I renewed an interest in fountain pens perhaps a year and a half ago and have been drawing with them about 50% of the time. My first flirtation with them some 25 years ago was discouraging because I didn’t understand their mechanics, and improper care, combined with the wrong ink, bollocksed up a few pens. After trashing a semi-expensive Pelikan I moved on. But I always thought they had an elegance to them and had seen fountain pen script that produced an interesting line. Capable of lines both thicker and thinner than ballpoint, they also produced a wetter, thinner flow that could vary in tonal density from the start to the finish of a line or flourish. There was a noticeable “pooling” of pigment when the speed of the pen stroke slowed significantly or as the nib would come to a full stop. And while they seldom had the flexibility of the tines in a dip pen such as a Copperplate nib, some of the stub nibs had directional variance in line width and by virtue of an ink reservoir called a cartridge or a converter, the fountain pen had the distinct advantage of not being tethered to a bottle of ink. As you may have gathered at this website, I like to draw on buses.

Since it is also evident that I like to draw in previously used ledger books, I was always encountering numbers and script done in various medium. After looking at what was evidently fountain pen ink, I decided to give it another go. One frequent visitor to BND, who had been complimentary in past viewings expressed unvarnished disdain for my use of the fountain pen. Apparently tormented as a youth in school by the required tool, they had no love for the boring line produced by this writing instrument. I’ll note here that I got similar responses 35 years ago when I traded in my pencils and charcoal for a ballpoint. And having tried all the beasts on the shelves in art & craft & writing stores I often found myself struggling with an instrument I hadn’t mastered or by it’s very nature was ill suited to sketchbooks and ledger books. Often, that was the point. To see what would come of a new tool and to take some of the control and predictable flourish away from my hand. So just as I contend there are no bad poses, I don’t like blame coming to exclusive rest with the materials. Attributes can be found in unsuspecting places if you’re alert, no? A ballpoint that bled like a stuck pig and would most likely find itself in a waste basket, gave me a wide and juicy line as distinct from the brittle line produced by the well behaved accountants’ Bic fine point.
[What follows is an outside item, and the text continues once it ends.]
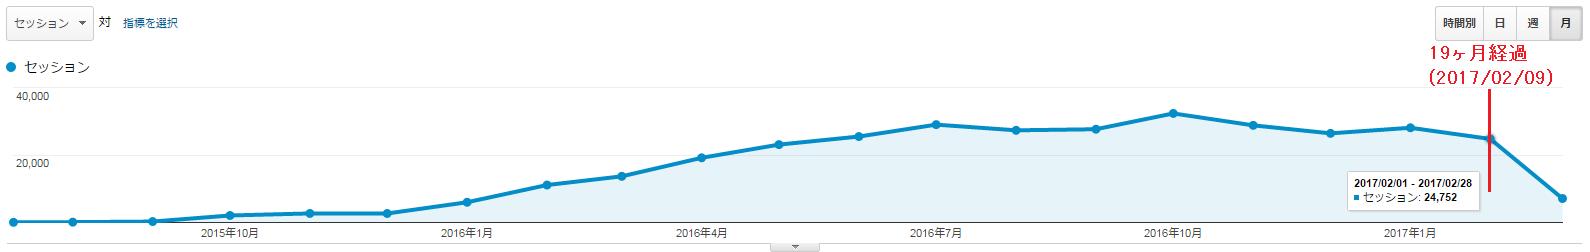 新規ドメイン取得から20ヶ月(1年8ヶ月)が経過した当サイトのアクセス数
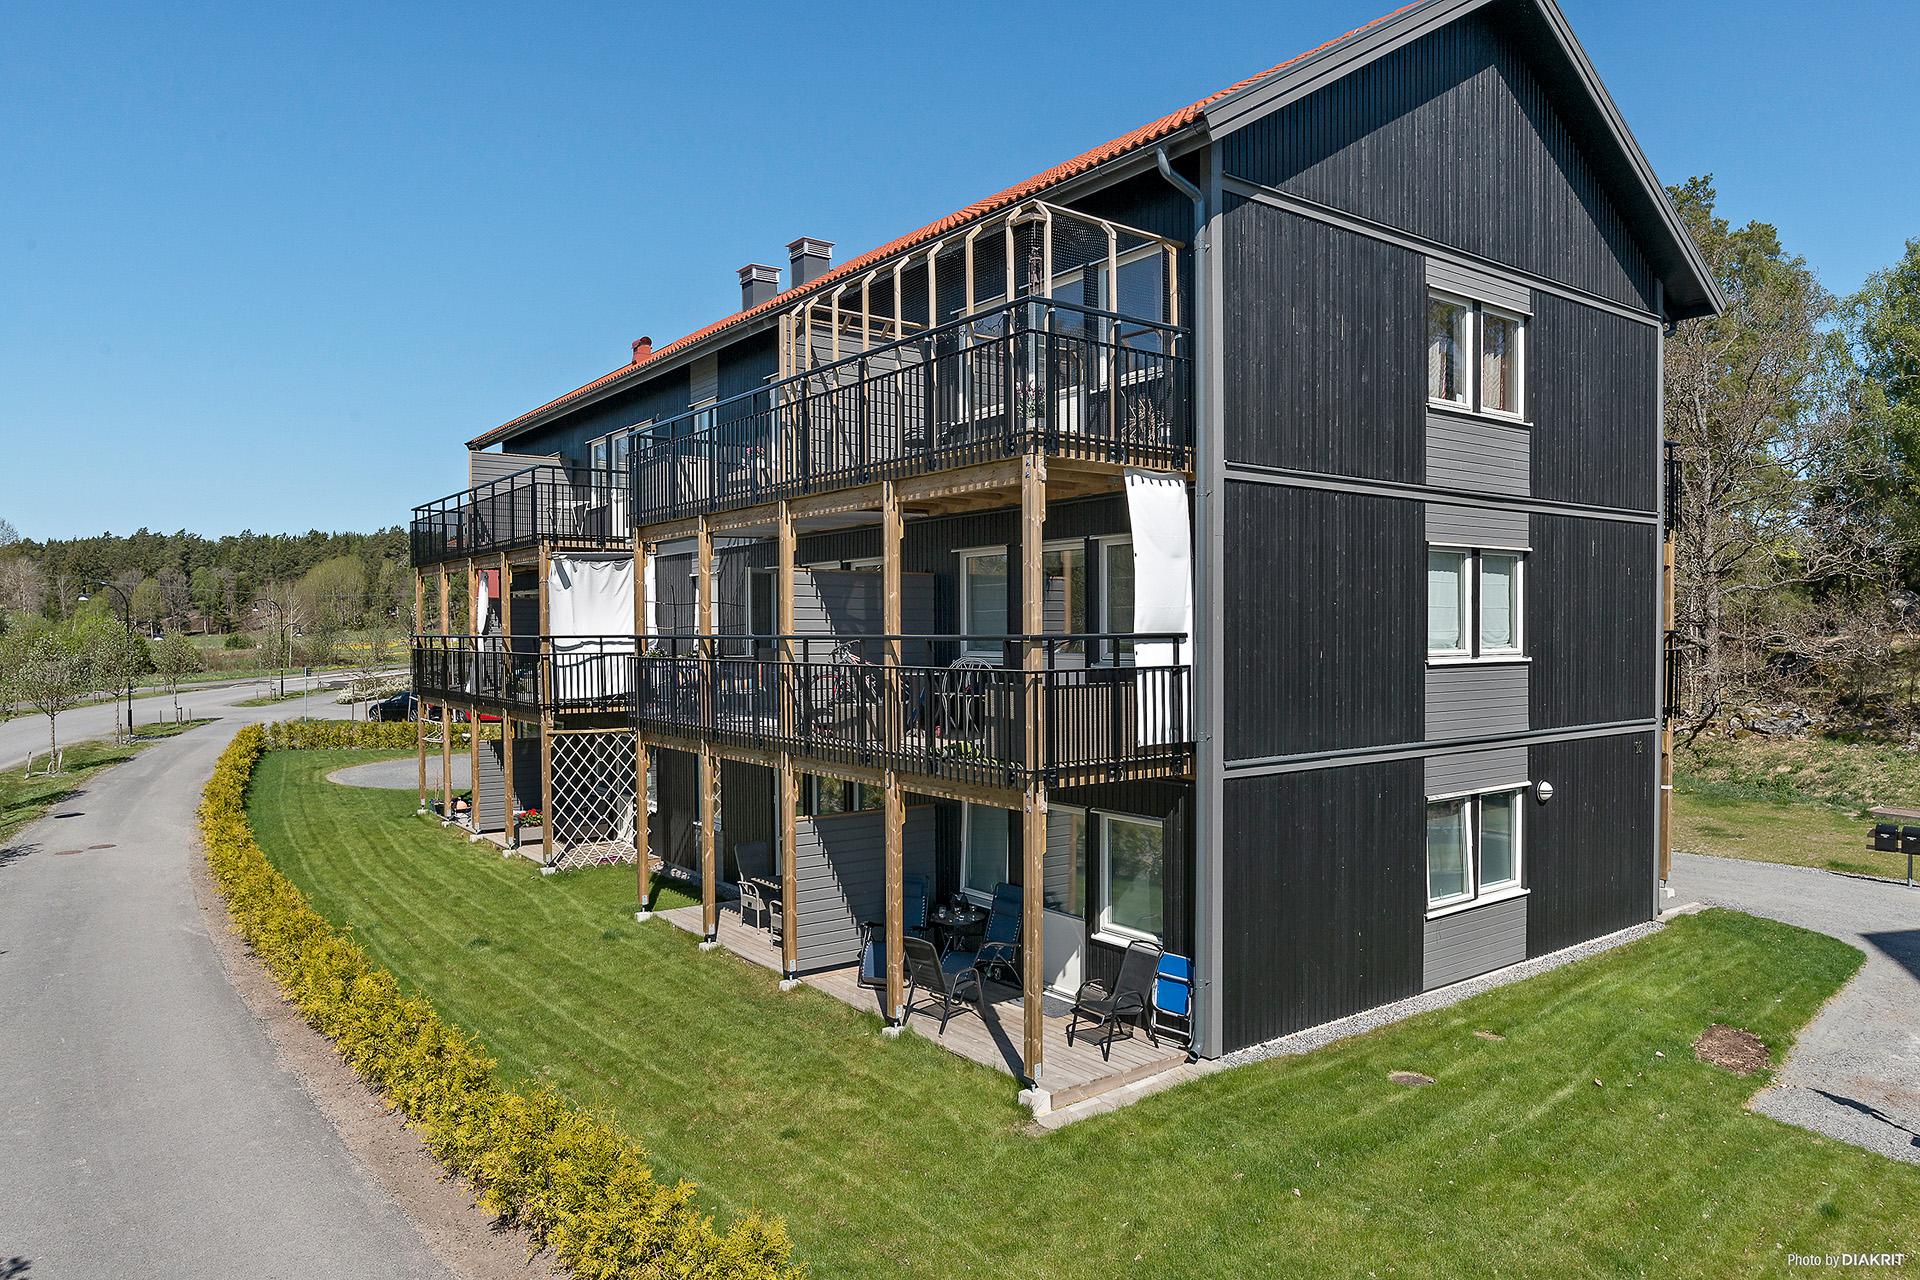 8 kvm stora balkonger

The very watery nature that is integral with fountain ink allows me to dab it while still wet and stamp ambient marks and smear the ink to get swaths and hazes that expand the vocabulary of the tool’s signature.

 

LARD A MERCY! Finally. Scanner’s working after 3+ months. Sorry to all my viewers for letting the site go stale. I’ve been drawing my little knuckles to the bone during that time so I’ll be posting drawings in frequent clusters in the coming weeks. I’ve been out on the road and even went to my first Dr. Sketchy’s while out in Seattle so I’ll give y’all the what’s up regarding that. My thanks to all who continued checking in to see if I was still alive or if I’d given up drawing and had gone to crush grapes in a monastic order that made jams and balsamic vinegars. All drawings are in a Quo Vadis planner on Clairefontaine paper. Cheers, Darn.